DMseg: a Python algorithm for de novo detection of differentially or variably methylated regions
Xiaoyu Wang, Ming Yu, William Grady, Ziding Feng, Wei Sun, James Y Dai

TL;DR
DMseg is a Python tool that accurately detects differentially methylated and variably methylated regions in methylome data, outperforming existing methods in power and error control.
Contribution
It introduces a novel algorithm for simultaneous detection of DMRs and VMRs with improved statistical accuracy and efficiency.
Findings
DMseg demonstrates superior power over Bumphunter in simulations.
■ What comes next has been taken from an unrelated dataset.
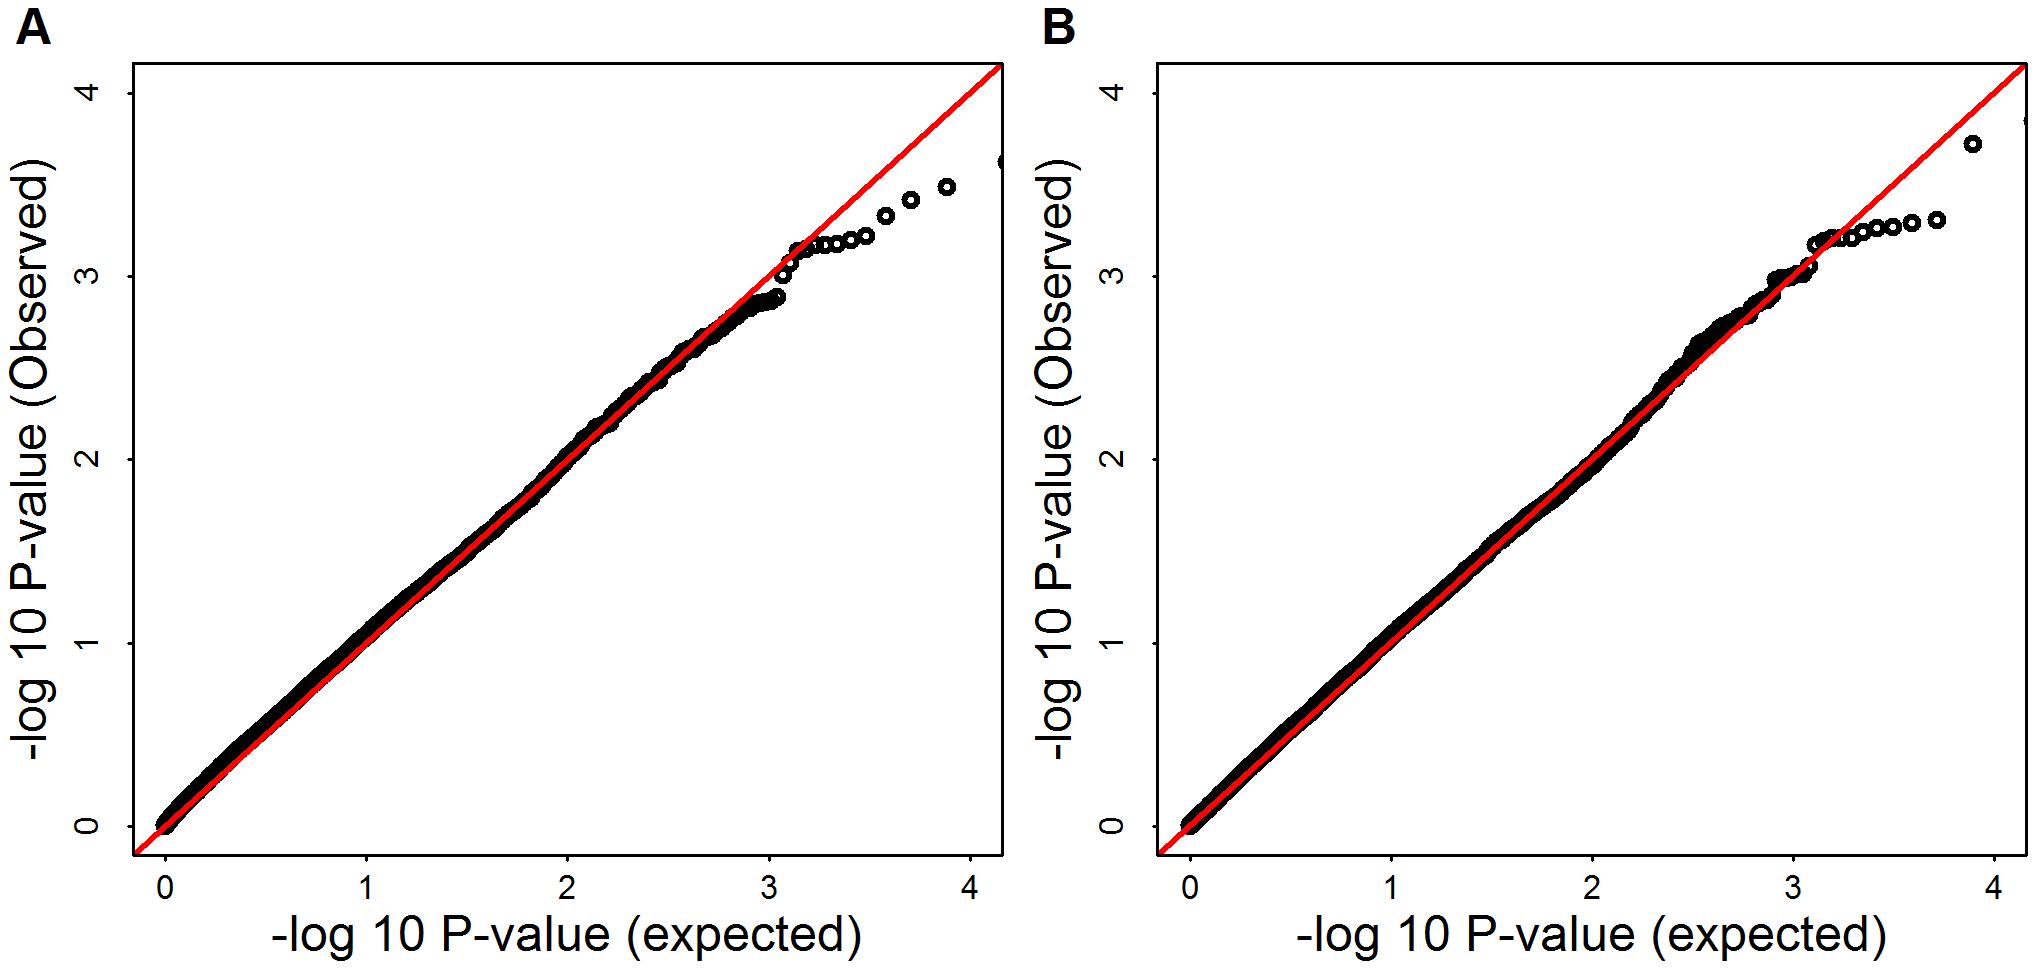 -log10(observed p-values) versus -log10(expected p-values) of SKAT and Burden test for Mega-analysis.
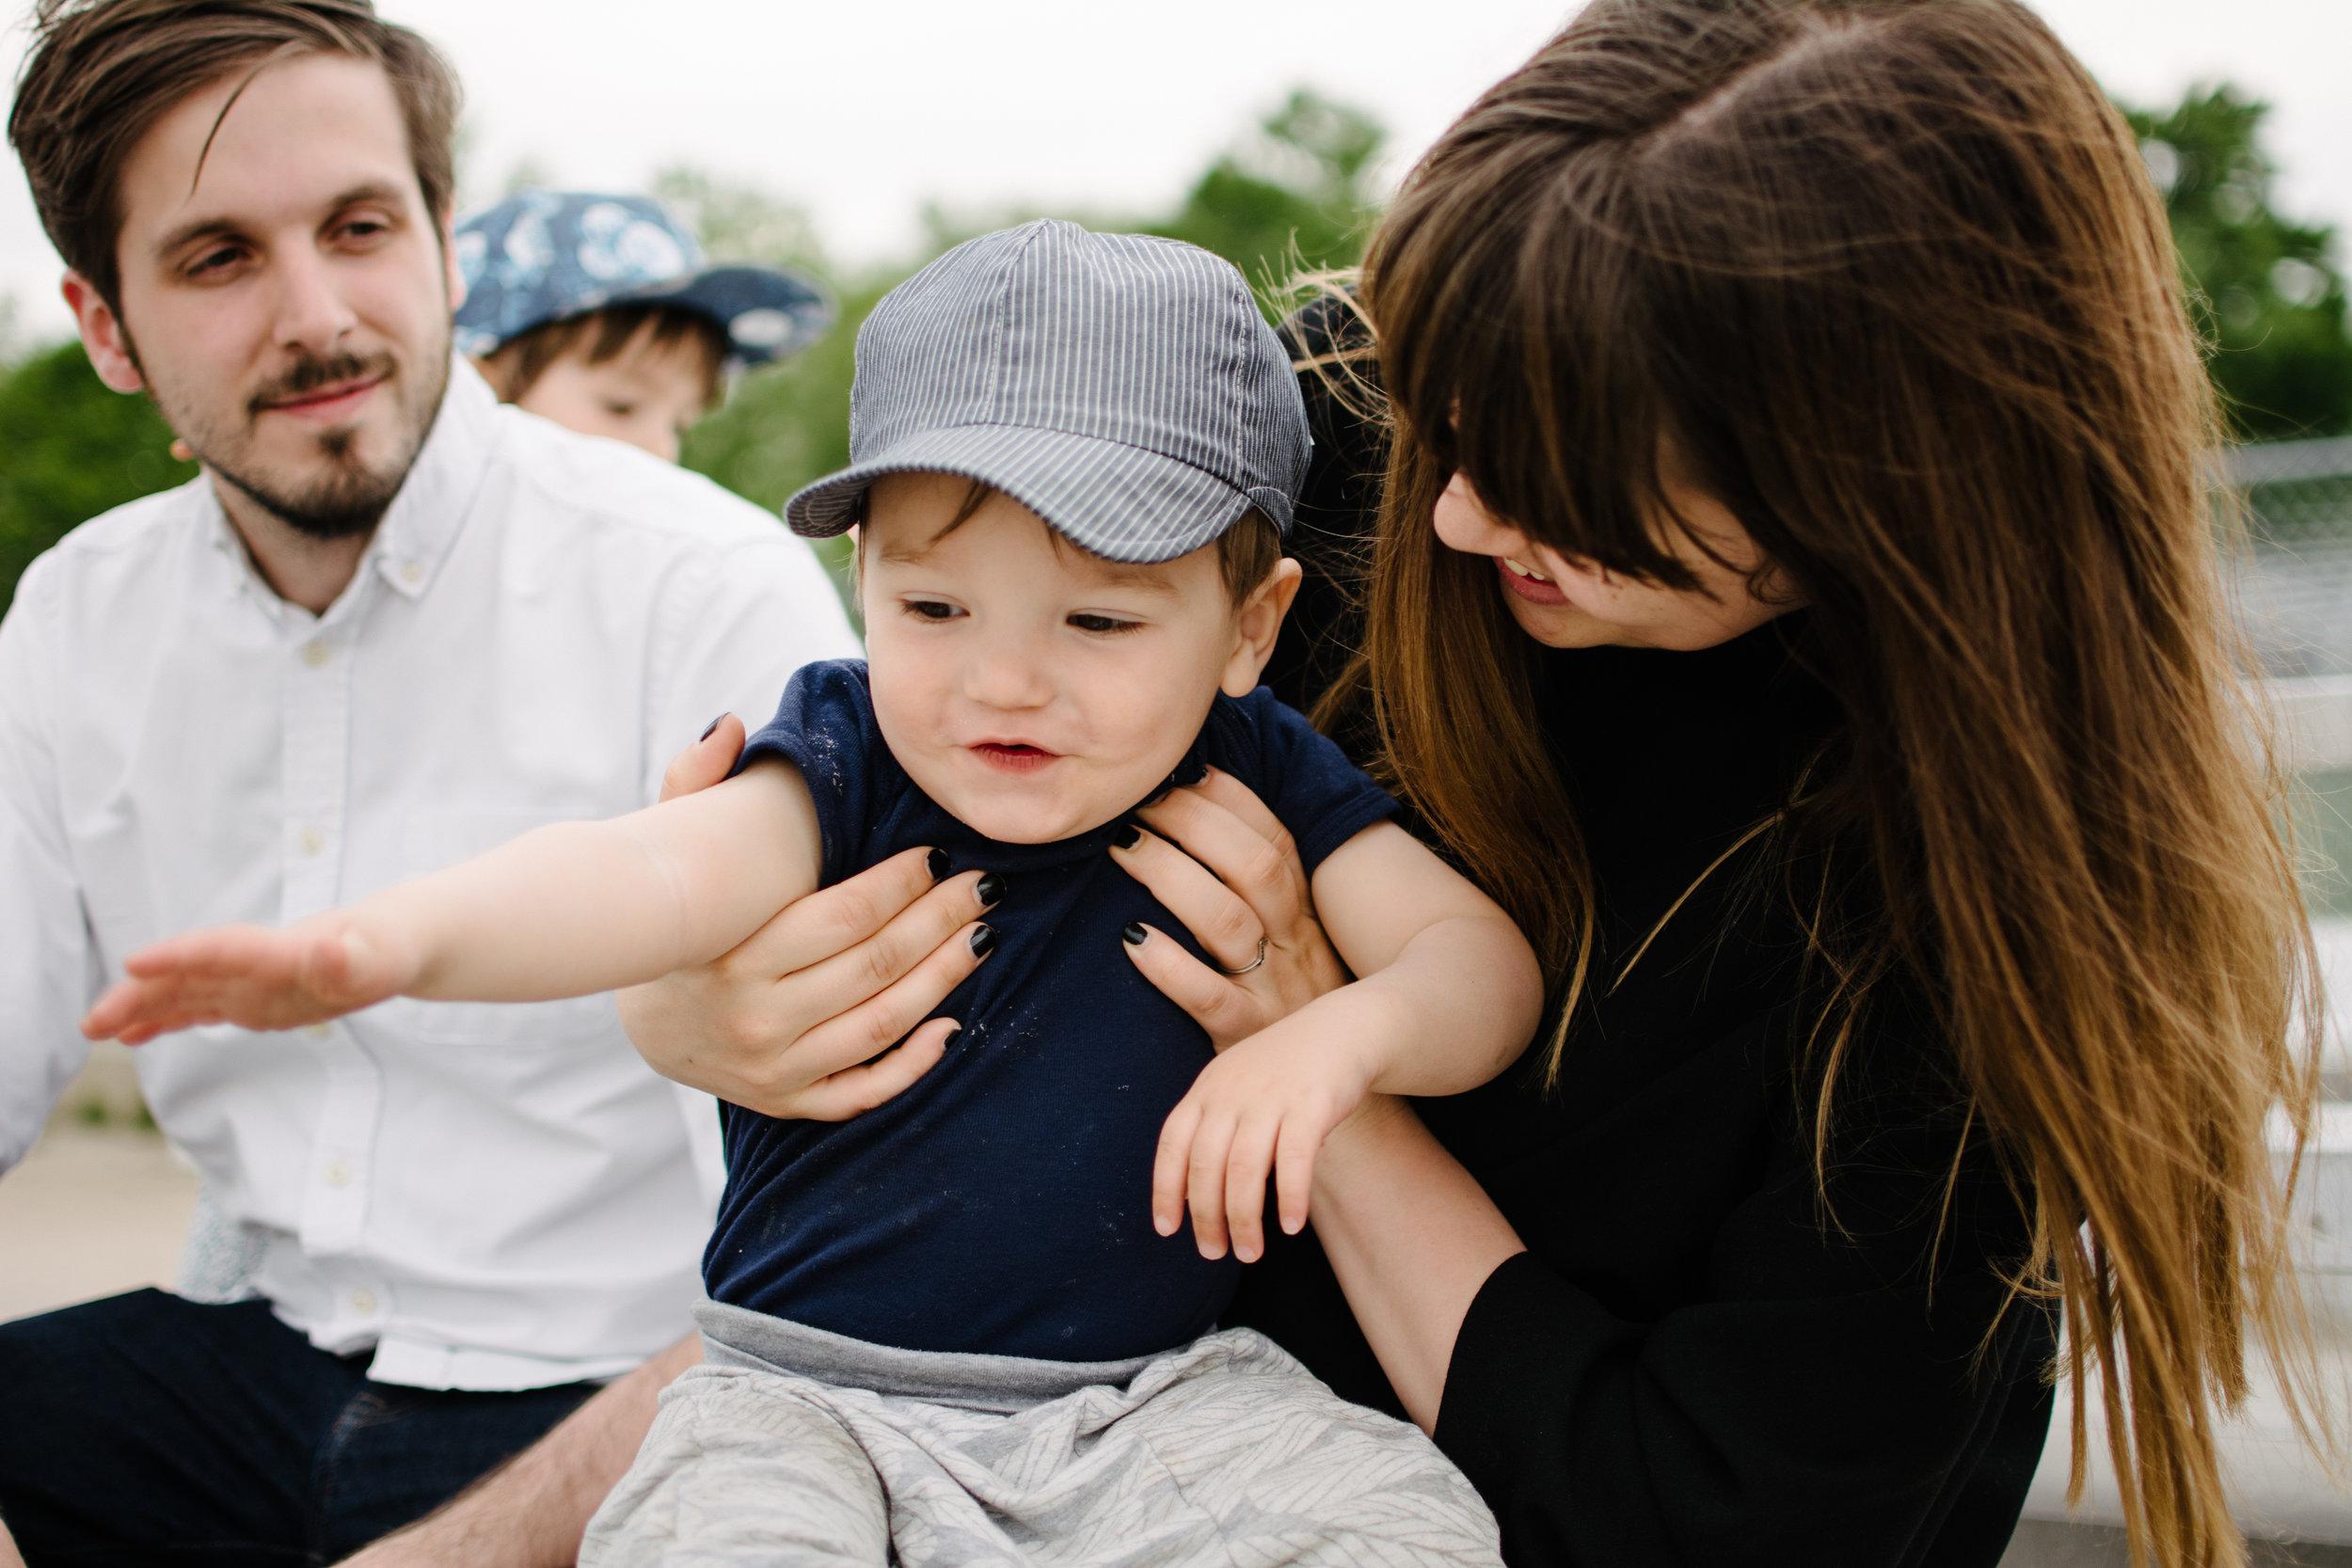 ete_photographe-famille-lifestyle-montreal-3.jpg

It provides accurate control of type I error in genome-wide analysis.
Application reveals biologically relevant methylation regions.
Abstract
Detecting and assessing statistical significance of differentially methylated regions (DMRs) is a fundamental task in methylome association studies. While the average differential methylation in different phenotype groups has been the inferential focus, methylation changes in chromosomal regions may also present as differential variability, i.e., variably methylated regions (VMRs). Testing statistical significance of regional differential methylation is a challenging problem, and existing algorithms do not provide accurate type I error control for genome-wide DMR or VMR analysis. No algorithm has been publicly available for detecting VMRs. We propose DMseg, a Python algorithm with efficient DMR/VMR detection and significance assessment for array-based methylome data, and compare its performance to Bumphunter, a popular existing algorithm. Operationally, DMseg searches for DMRs or VMRs…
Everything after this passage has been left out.